◆ Task details:
Each line from the material with the word "chocolate" in it must be copied.

◆ Provided data:
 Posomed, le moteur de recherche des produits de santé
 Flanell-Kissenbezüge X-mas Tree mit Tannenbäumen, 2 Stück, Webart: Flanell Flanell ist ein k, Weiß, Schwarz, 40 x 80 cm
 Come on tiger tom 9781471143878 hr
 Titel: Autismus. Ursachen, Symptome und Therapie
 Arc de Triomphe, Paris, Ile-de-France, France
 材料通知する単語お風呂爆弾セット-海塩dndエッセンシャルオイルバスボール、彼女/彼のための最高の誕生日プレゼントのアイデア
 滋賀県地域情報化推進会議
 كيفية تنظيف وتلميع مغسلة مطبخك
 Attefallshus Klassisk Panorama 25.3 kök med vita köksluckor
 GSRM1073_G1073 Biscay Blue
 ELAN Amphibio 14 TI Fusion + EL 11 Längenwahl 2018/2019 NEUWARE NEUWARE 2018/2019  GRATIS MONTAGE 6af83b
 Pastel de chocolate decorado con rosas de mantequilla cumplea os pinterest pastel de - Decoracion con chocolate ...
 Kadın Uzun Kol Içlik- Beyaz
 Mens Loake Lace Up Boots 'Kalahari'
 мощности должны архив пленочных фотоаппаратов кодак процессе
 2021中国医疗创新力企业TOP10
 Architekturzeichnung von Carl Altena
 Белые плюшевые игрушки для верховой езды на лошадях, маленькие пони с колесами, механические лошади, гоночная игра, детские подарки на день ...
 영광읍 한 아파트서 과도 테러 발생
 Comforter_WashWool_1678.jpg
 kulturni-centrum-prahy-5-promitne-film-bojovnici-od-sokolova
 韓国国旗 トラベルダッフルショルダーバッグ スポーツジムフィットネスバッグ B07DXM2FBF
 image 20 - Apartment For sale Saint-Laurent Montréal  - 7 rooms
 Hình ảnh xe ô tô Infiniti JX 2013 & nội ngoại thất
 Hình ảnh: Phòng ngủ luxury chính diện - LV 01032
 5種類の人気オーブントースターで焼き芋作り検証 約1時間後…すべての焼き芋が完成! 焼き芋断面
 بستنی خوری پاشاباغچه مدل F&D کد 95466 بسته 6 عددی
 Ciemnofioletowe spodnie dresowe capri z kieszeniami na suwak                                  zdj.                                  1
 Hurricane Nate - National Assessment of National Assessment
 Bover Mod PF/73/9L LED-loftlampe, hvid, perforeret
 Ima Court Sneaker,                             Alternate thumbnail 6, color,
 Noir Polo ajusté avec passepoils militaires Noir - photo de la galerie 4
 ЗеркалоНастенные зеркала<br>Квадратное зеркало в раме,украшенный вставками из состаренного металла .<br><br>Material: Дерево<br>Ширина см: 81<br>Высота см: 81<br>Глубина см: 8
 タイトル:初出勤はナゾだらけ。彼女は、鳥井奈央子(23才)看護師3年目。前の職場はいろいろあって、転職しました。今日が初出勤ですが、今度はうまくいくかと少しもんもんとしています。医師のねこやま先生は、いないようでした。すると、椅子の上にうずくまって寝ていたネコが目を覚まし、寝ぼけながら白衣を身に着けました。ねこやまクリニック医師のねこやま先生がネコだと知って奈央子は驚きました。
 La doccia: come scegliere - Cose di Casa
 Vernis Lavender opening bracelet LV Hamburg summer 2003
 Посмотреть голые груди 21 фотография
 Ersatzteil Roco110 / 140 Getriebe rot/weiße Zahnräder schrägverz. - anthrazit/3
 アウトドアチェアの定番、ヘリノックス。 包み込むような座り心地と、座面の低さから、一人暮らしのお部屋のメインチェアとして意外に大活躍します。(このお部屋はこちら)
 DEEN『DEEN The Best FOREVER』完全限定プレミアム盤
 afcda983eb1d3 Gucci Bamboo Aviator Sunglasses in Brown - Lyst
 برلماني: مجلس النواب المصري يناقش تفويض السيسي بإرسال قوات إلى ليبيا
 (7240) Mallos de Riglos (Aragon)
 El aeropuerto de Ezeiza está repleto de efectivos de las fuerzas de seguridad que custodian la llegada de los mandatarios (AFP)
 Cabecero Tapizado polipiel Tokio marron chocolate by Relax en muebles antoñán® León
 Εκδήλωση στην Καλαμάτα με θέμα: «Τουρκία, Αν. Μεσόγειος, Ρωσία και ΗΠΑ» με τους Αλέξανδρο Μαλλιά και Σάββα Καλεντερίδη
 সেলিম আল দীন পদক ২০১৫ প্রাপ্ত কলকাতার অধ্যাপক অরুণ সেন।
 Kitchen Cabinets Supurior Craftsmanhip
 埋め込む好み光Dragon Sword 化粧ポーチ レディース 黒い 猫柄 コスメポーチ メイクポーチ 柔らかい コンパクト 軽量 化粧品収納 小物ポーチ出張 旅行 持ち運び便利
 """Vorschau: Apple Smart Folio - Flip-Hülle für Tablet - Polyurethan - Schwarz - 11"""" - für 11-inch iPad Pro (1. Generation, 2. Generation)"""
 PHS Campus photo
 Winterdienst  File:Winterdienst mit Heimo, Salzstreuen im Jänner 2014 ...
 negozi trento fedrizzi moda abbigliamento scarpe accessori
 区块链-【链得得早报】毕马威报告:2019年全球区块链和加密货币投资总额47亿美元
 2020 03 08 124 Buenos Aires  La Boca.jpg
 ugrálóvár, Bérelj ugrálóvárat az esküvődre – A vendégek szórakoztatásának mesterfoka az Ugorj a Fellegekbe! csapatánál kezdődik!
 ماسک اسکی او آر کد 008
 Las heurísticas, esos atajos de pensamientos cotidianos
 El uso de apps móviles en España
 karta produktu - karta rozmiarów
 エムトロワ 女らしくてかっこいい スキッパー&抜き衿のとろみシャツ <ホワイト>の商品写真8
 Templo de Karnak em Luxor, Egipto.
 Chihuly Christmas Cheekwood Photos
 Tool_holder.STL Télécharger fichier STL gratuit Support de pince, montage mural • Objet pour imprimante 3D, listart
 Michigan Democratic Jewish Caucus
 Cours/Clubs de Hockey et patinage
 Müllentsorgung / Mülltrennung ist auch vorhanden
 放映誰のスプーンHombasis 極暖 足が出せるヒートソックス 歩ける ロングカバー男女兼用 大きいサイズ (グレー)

◆ Your response:
 Pastel de chocolate decorado con rosas de mantequilla cumplea os pinterest pastel de - Decoracion con chocolate ...
 Cabecero Tapizado polipiel Tokio marron chocolate by Relax en muebles antoñán® León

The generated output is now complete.